Talk:Hilbert's Basis Theorem
Do we need to specify "a Noetherian ring with identity" since by definition a N.R is already a "commutative ring with identity"? --prime mover 05:37, 10 September 2010 (UTC)
- Well as defined on this site, a ring automatically has identity, since the multiplicative part of the ring forms a group in the definition. The trick, of course, is that not all texts define ring this way; in many texts they call a ring what this site calls a semiring. Secondly, the existence of an ideal in an algebraic structure does not necessarily imply the existence of an identity in that structure (I think - does it?) So although my class notes specify that the ring have an identity, I'm not sure that it's necessary. Something to think on. J D Bowen 06:00, 10 September 2010 (UTC)

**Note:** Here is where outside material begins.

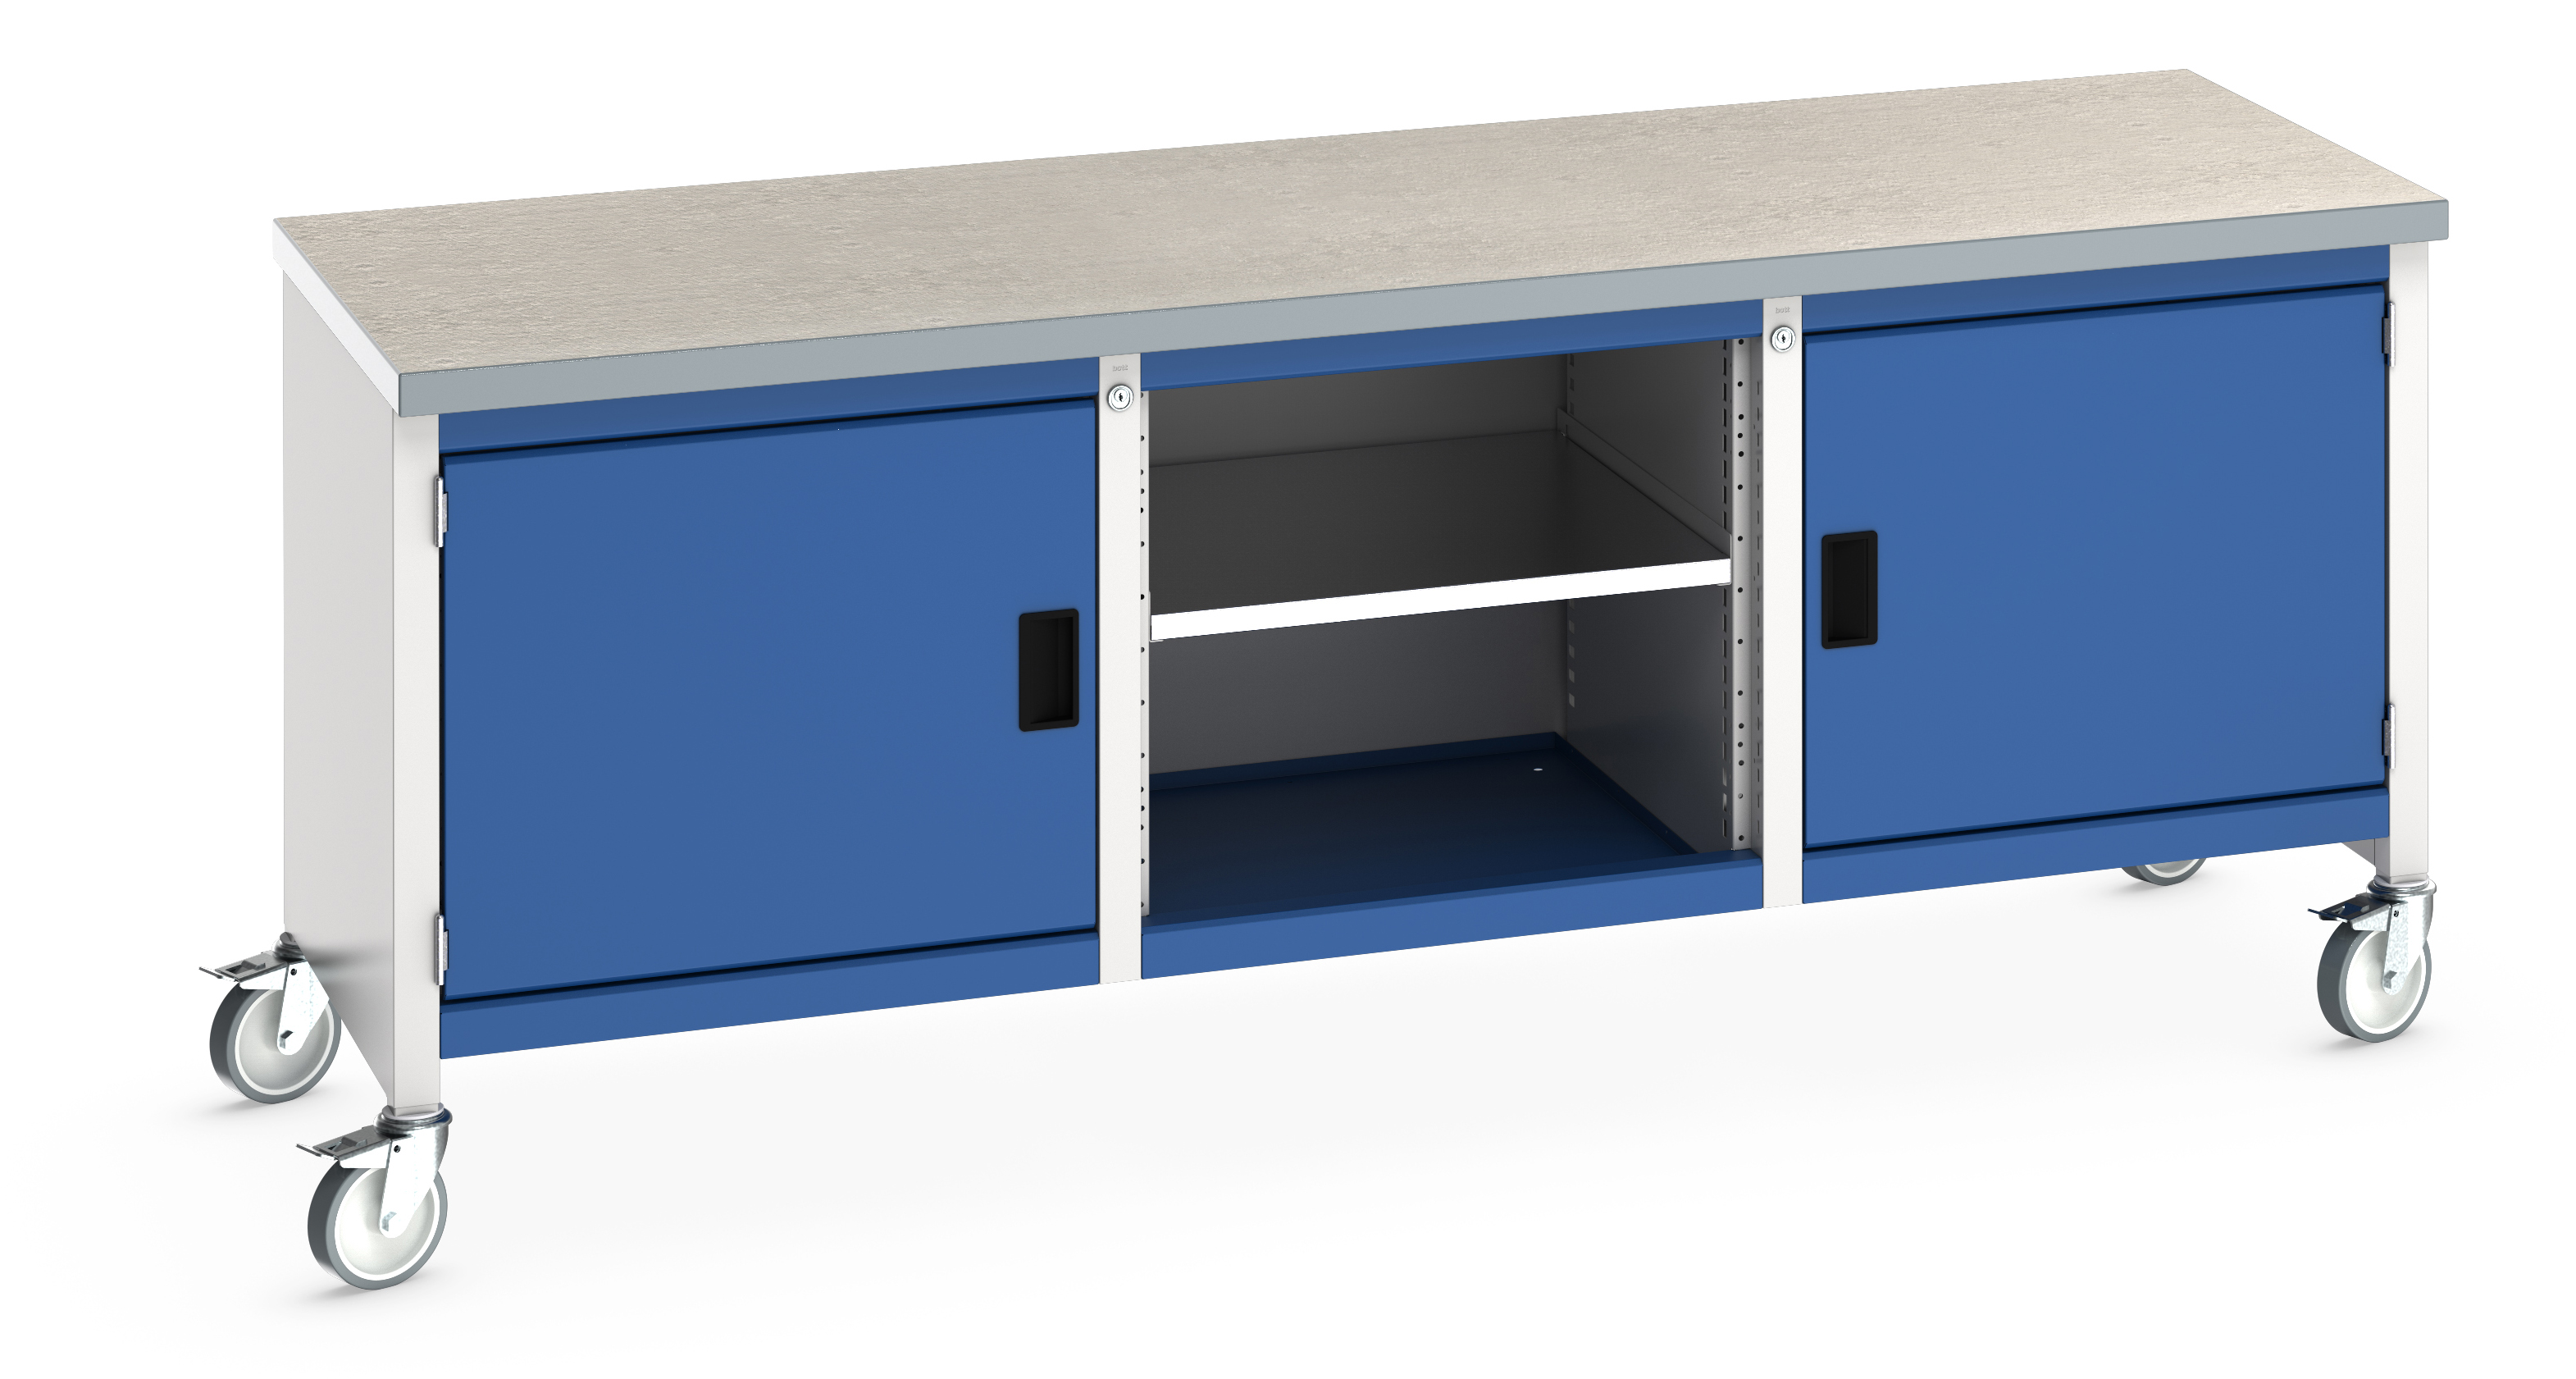 Bott Cubio Mobile Storage Bench With Full Cupboard / Open Cupboard /Full Cupboard - 41002120.11V
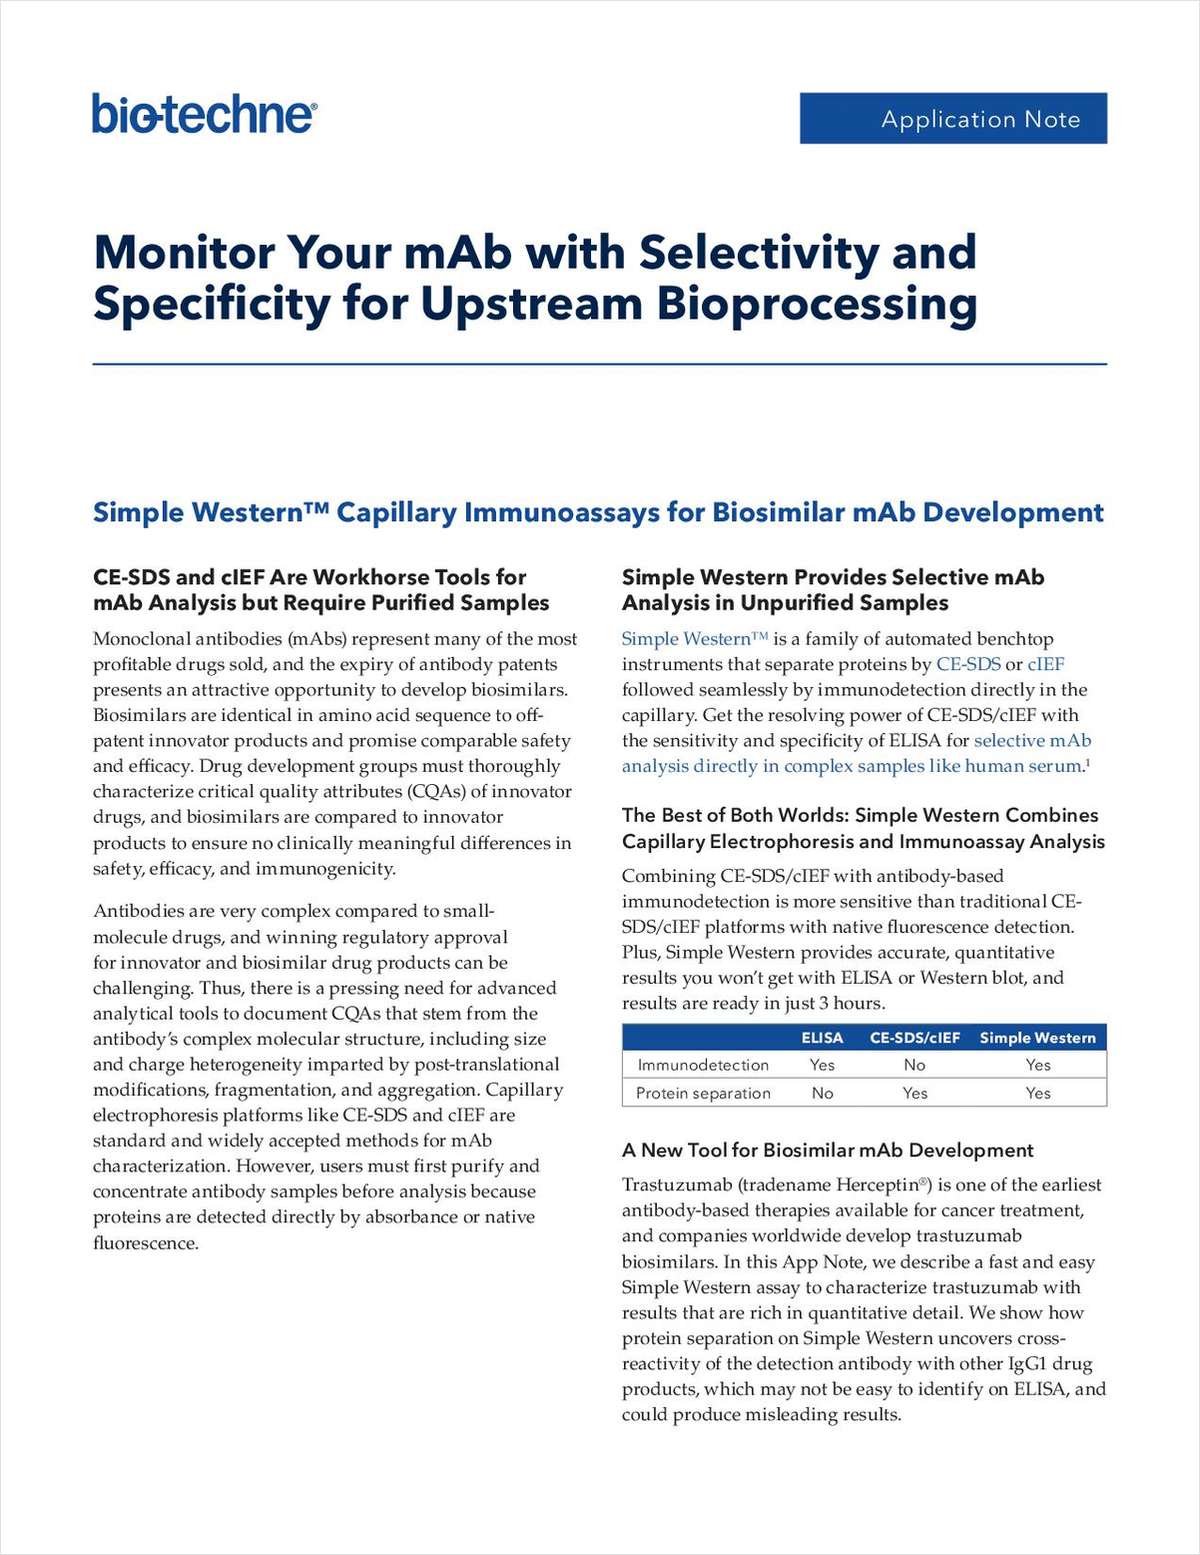 Monitor Your mAb with Selectivity and Specificity for Upstream Bioprocessing

- "as defined on this site, a ring automatically has identity" - nope, go check ring. The additive part does form a group, but the multiplicative part may only be a semigroup. This is important.
- $\left\{{\ldots, -4, -2, 0, 2, 4, \ldots}\right\}$ is a ring, but has no multiplicative identity. Can't stop to discuss it at the moment, I have to go to work, I'll be back to look at it again this evening. --prime mover 07:00, 10 September 2010 (UTC)
On the subject of the statement, "an extension of transcendence degree 1" would be more precise.
--Linus44 18:53, 6 February 2011 (UTC)
Redone proof
It dosen't hurt to say "commutative with 1" as a reminder, since most people will know the Noetherian condition, but exactly what rings it applies to isn't so memorable, so I left that in.
Otherwise it was a bit vague, I added a proof taken from Eisenbud - Commutative Algebra; in my opinion, the neatest proof. --Linus44 15:55, 5 February 2011 (UTC)
There might be a case to add a (more or less trivial inductive) extension that any polynomial ring in finitely many indeterminates will be Noetherian; this is important in eg. algebraic geometry. --Lord_Farin 12:10, 28 April 2012 (EDT)